Hi... are there any tools (freeware if possible) that could help protecting my PHP code by obfuscating it or by other means?

Thannx in advance,


----------



## scruffy (Jul 28, 2004)

Who's going to see your php code anyway?  are you releasing it as a product, or just running it on a web server?


----------



## andehlu (Jul 28, 2004)

yes if youre running it over apache you wont have to worry about it.


----------



## agusgriego (Jul 28, 2004)

I'm not selling a product. The thing is that I want complex websites I create (and upload to the client's FTP) not to be available to other person who want to modify or steal the code.

This is, i want al the classes i have programmed in PHP to be protected so if anyone comes after me, they can't copy them or modify them.

Thanks,


----------



## scruffy (Jul 28, 2004)

I suppose just putting a copyright notice on them and trusting to people's honesty wouldn't do...
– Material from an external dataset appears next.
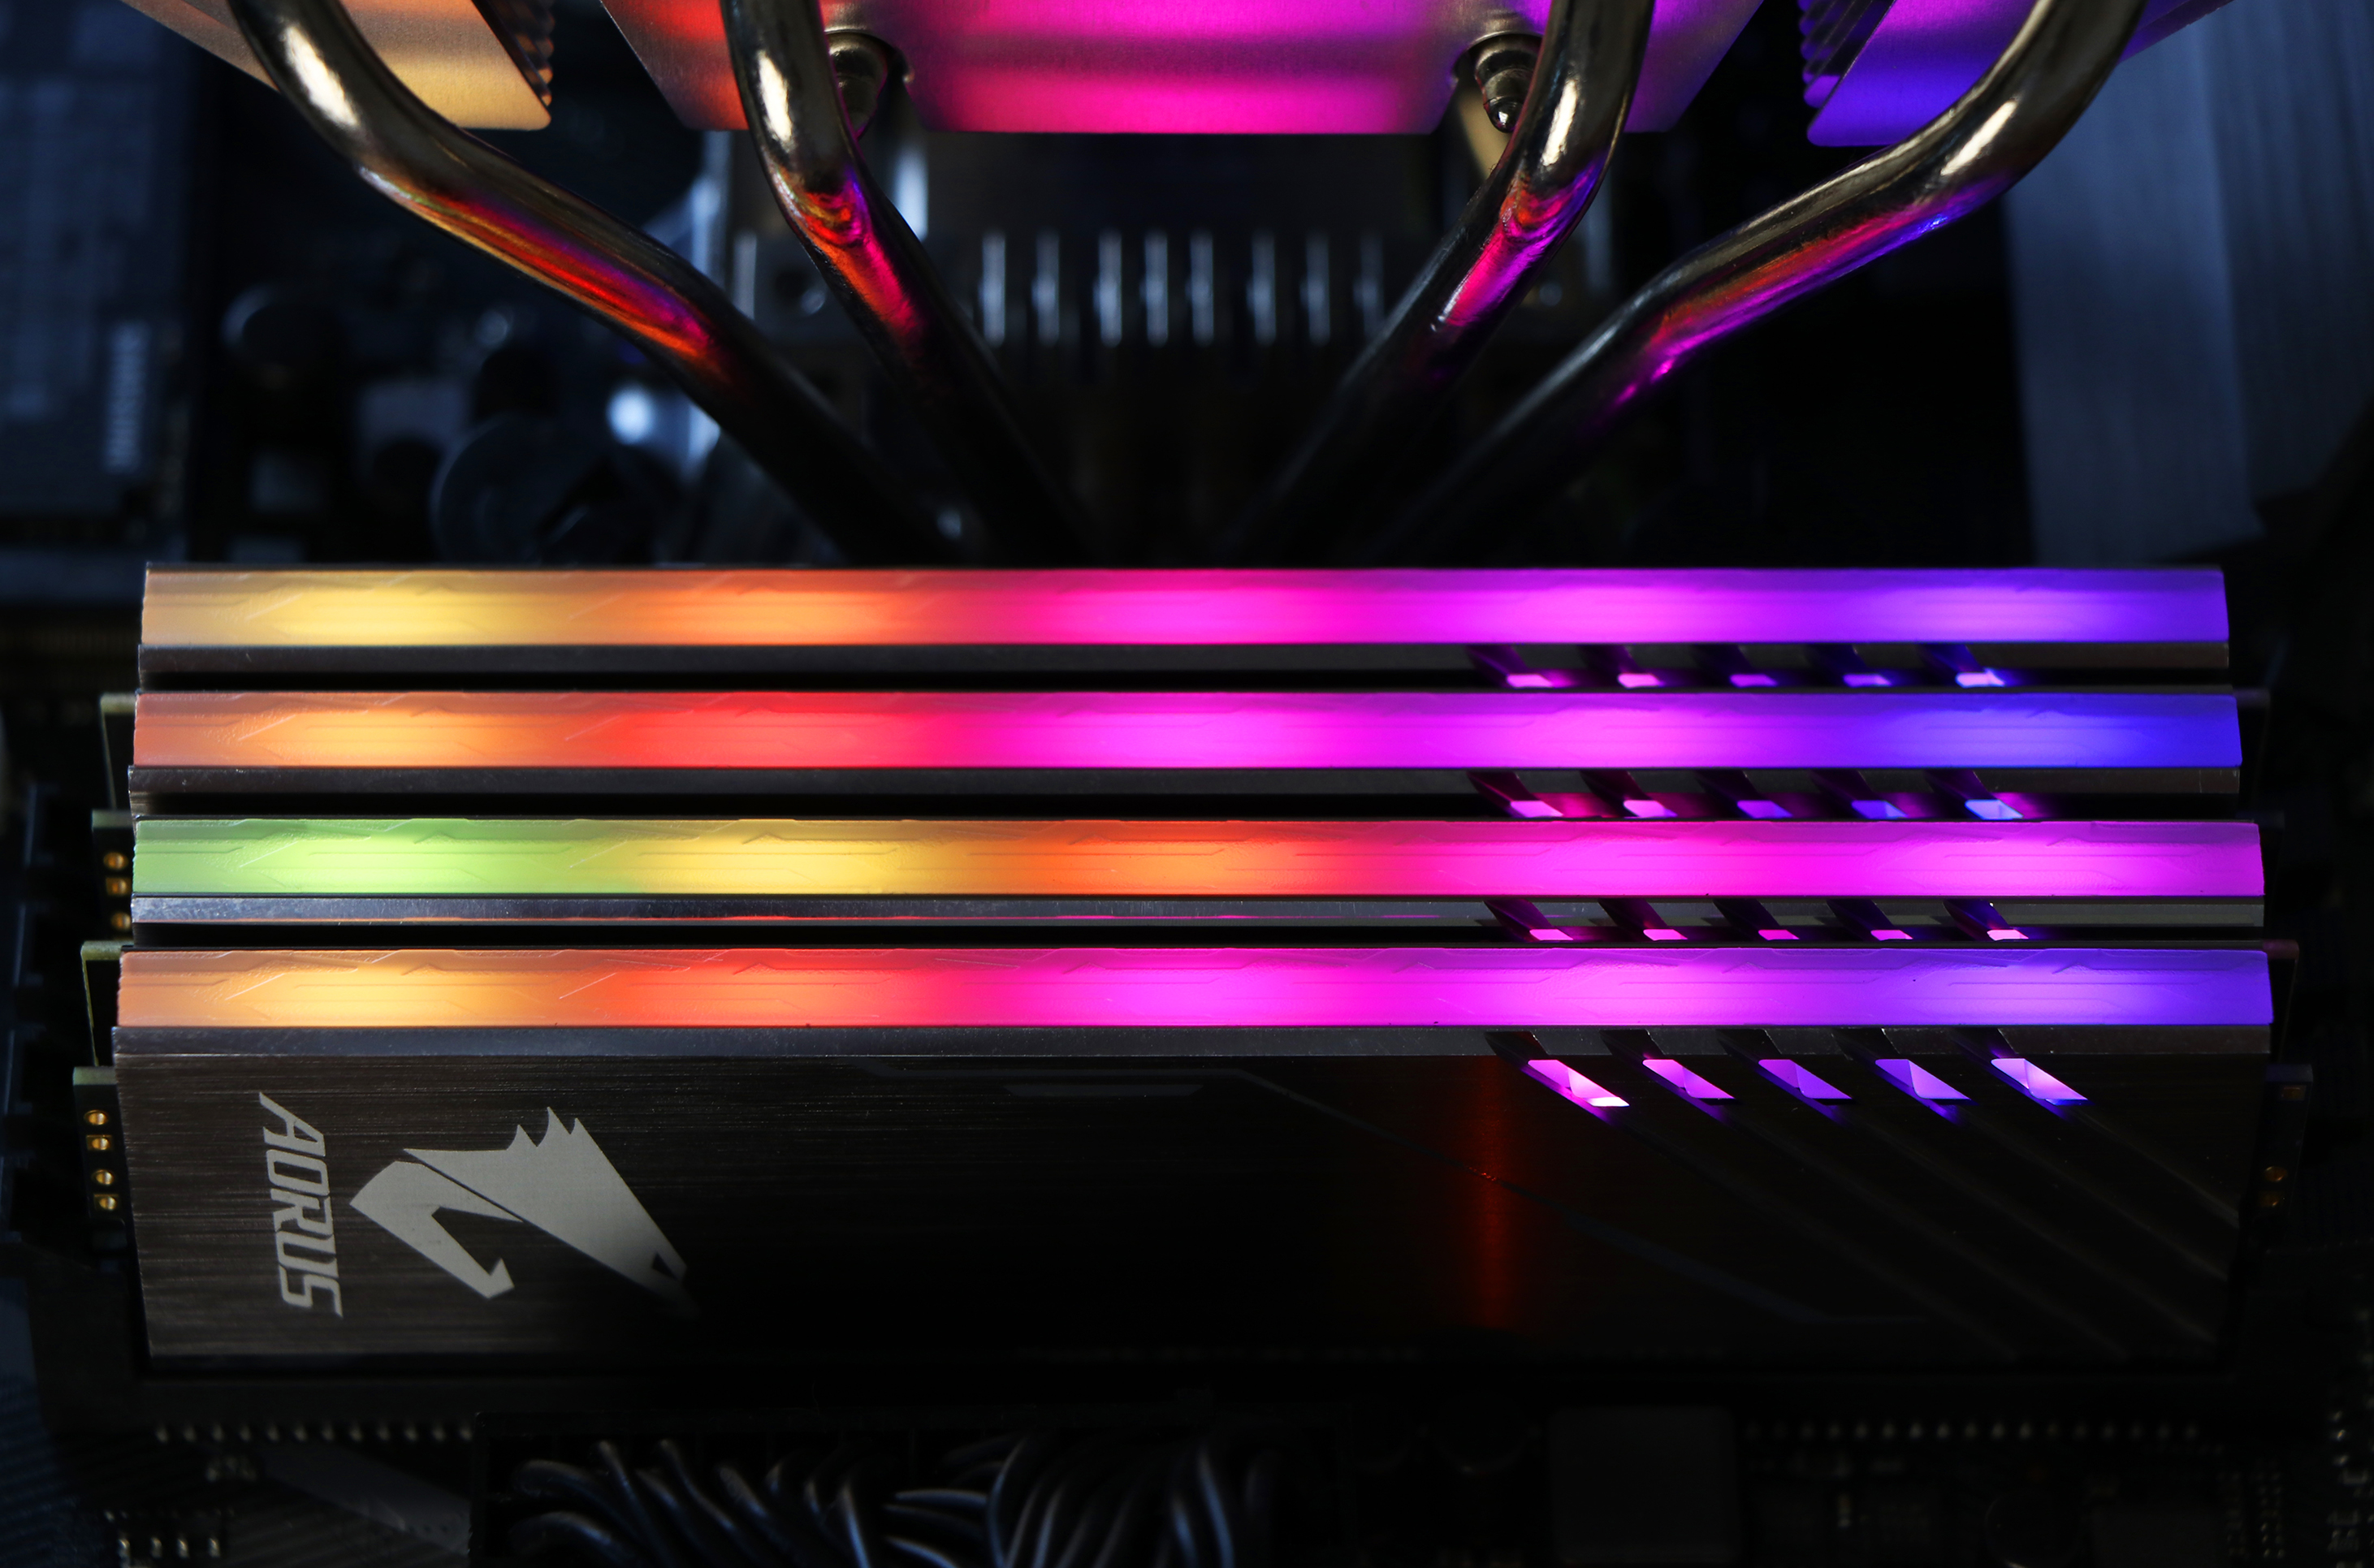 Can the Aorus RGB lighting be controlled from MSI | TechPowerUp

That said, there is a bytecode compiler for php
http://pecl.php.net/package/bcompiler


----------



## TommyWillB (Jul 28, 2004)

Zend Encoder - The Industry Standard in PHP Software Protection


----------



## scruffy (Jul 29, 2004)

only downside to zend is, you have to install extra software at the client's site.  I don't think you do have to do that with bcompiler - it just compiles the php to regular php bytecode, executable by an unmodified php interpreter, but not easily readable by humans


----------



## agusgriego (Jul 29, 2004)

Thanks for all the answers, I think bcompiler is the choice since I don't develop huge complex website costing millions... I only want to protect the code...

Thanks again,


----------